Tomar um lado na polarização política do país se tornou uma premissa, ainda mais para aqueles que têm sua vida pública exposta diariamente. Esse é o caso de Elisa Lucinda, atriz e escritora que, ao contrário de muitos ilustres, nunca deixou de se posicionar como uma ativista do movimento negro. Mas a escolha de não ser apenas uma espectadora da vida pública brasileira, explica, Lucinda, "tem um preço". Sua impressão é a de que seus posicionamentos já lhe custaram trabalhos. 

“Umas eu desconfiei, outras eu nunca soube. É isso, paciência. Tem coisas que não são negociáveis”, aponta Lucinda, convidada desta semana no BDF Entrevista

Lucinda, que está lançando Quem me leva pra passear - seu 19º livro e a segunda parte do Livro do Avesso, o Pensamento de Edith - explica que, apesar de algumas portas se fecharem pelo caminho, “muitas se abriram”.

Eu não me arrependo. Eu gosto de ser encontrada nessa entrevista, no meu livro. Quem lê meu livro, encontra essa da entrevista, quem vê um filme, encontra essa da entrevista”, diz. 

“Quem me leva pra passear” segue os pensamentos da chef de cozinha Edith, que transita entre visitas a celebridades e reflexões ao lado dos vizinhos e anônimos, sobre os dramas contemporâneos da sociedade. 

“A minha poesia, a minha peça de teatro, o meu cinema, a minha arte, se ela não se relacionar, de alguma maneira, com o meu tempo, ela não tem porque existir. A melhor notícia que eu tenho hoje, do ponto de vista profissional, é saber que meu público está rejuvenescendo”, explica Lucinda. 

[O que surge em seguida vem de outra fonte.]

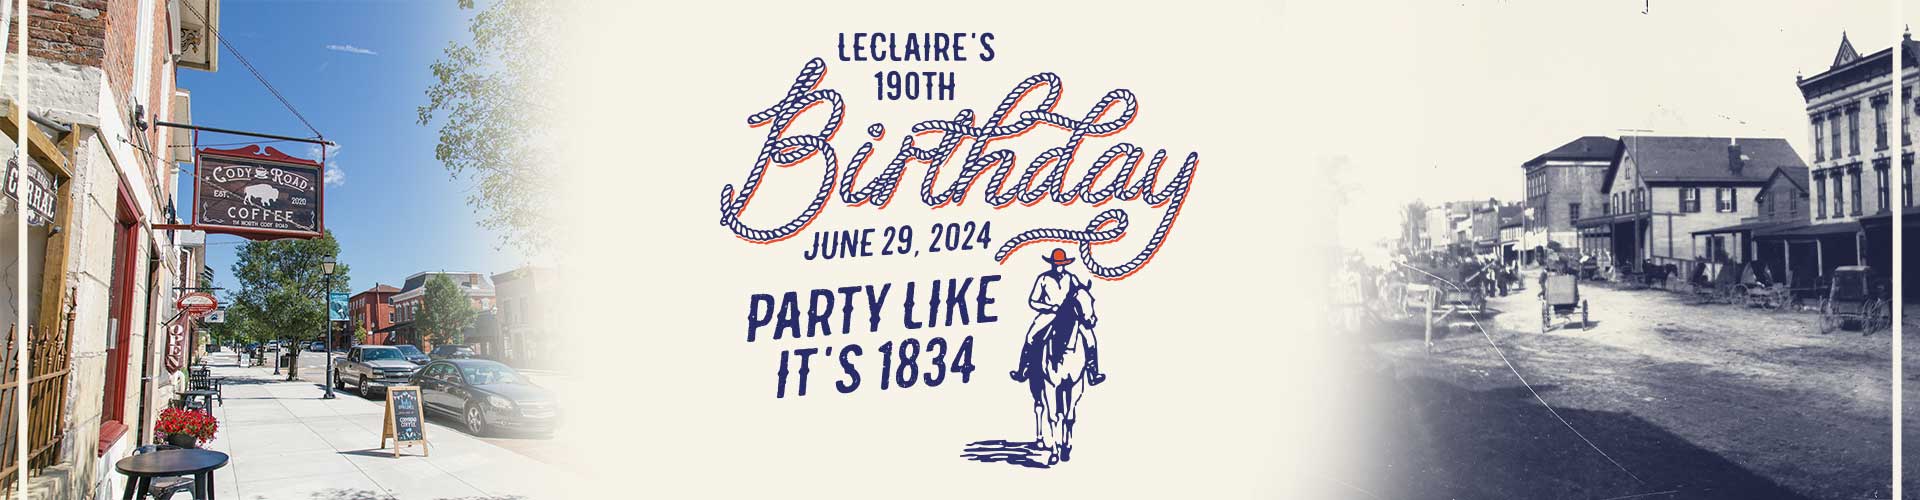 LeClaire's 190th Birthday - June 29, 2024 - Party Like It's 1934
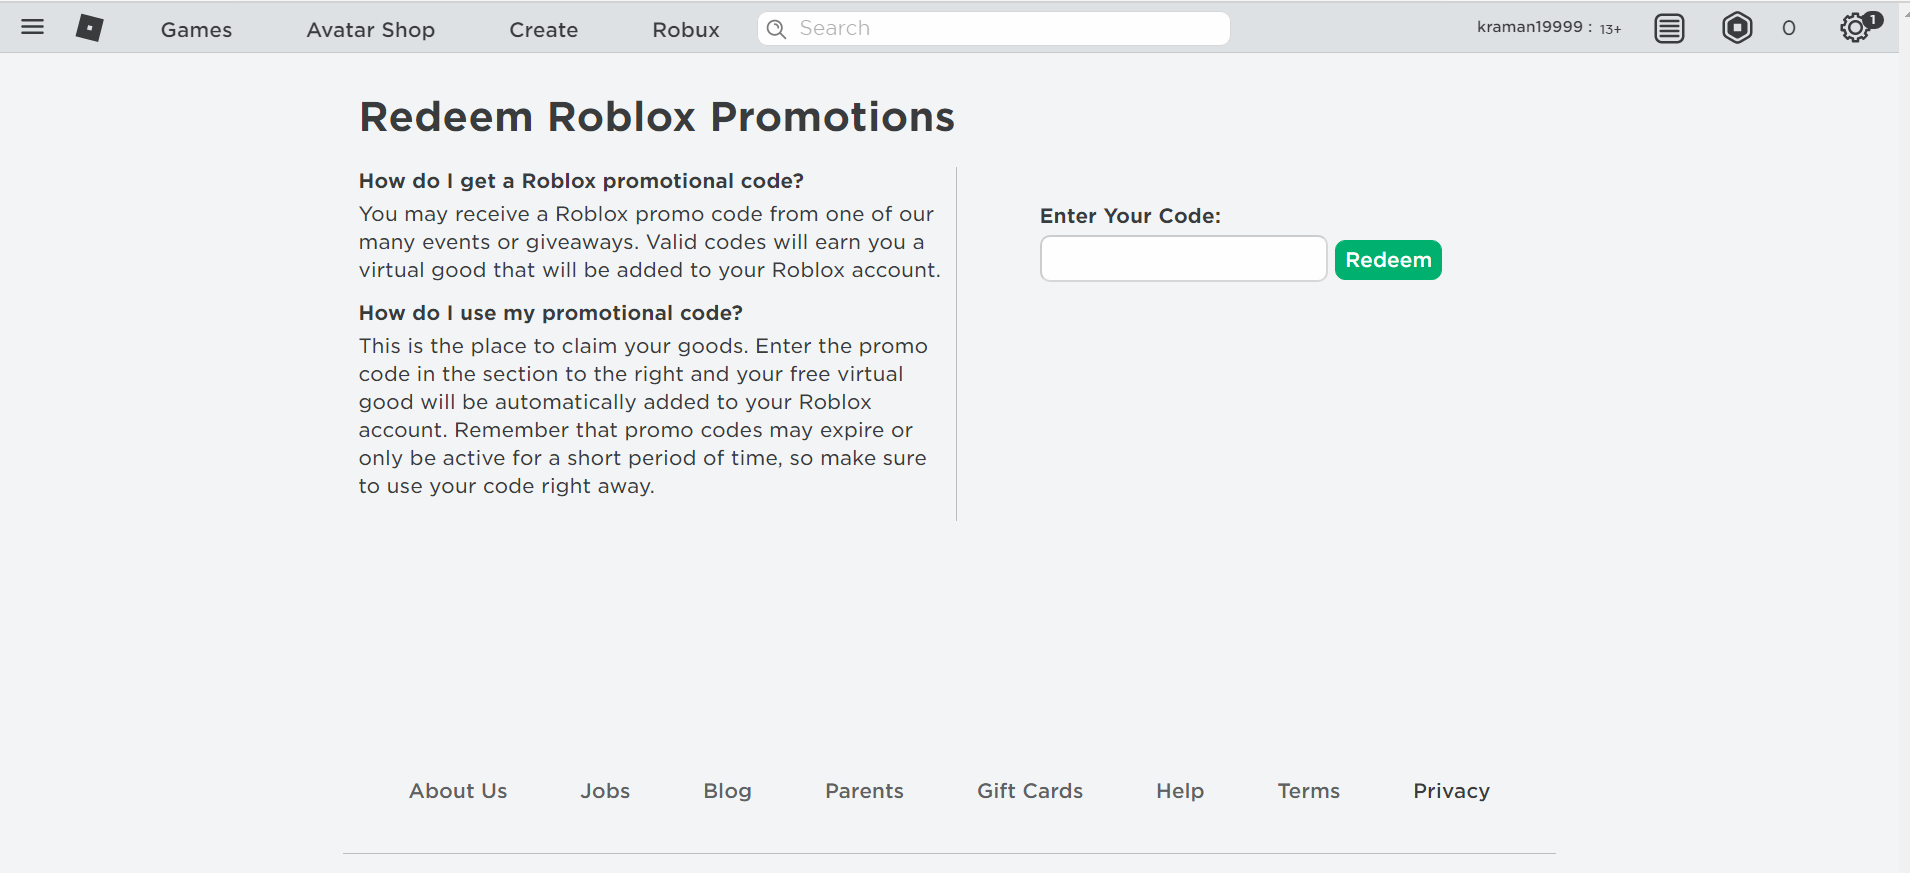 Please enter the code you received. Roblox Promo code. Redeem Roblox codes. Redeem Roblox promotions. Redeem Roblox promocodes.

“Isso significa que eu estou falando para o meu tempo, senão eles não saberiam de mim. Eu sou ativista no meu pensar, no meu viver, então isso está no livro e a Edith é uma mulher negra, não sou só eu. Ela é uma mulher negra, é uma mulher cozinheira, chefe de cozinha, ela tem a sabedoria da culinária. Ela está em vários lugares”. 

Na conversa, Lucinda ainda fala sobre TV, a perda de Milton Gonçalves, com quem atuou em papéis para o cinema e sobre política.

“O Brasil está vivendo sob ataque. Quando você ataca a ciência de um país, ataca o povo de um país, a comida de um país, a saúde, a ecologia de um país, a educação de um país, a cultura de um país, você está matando o país”. 

“[Mas], o Brasil de agora não é o Brasil de 2018. Eu tenho muita esperança que a gente ganhe no primeiro turno. Todos nós estamos nos preparando para reconstruir o país da sua hora mais dura, uma hora em que o Brasil expôs sua face mais tenebrosa, de estuprador, torturador, é uma face ruim, mas é melhor sair de dentro da gente e a gente curar, do que ficar disfarçado de cordial”. 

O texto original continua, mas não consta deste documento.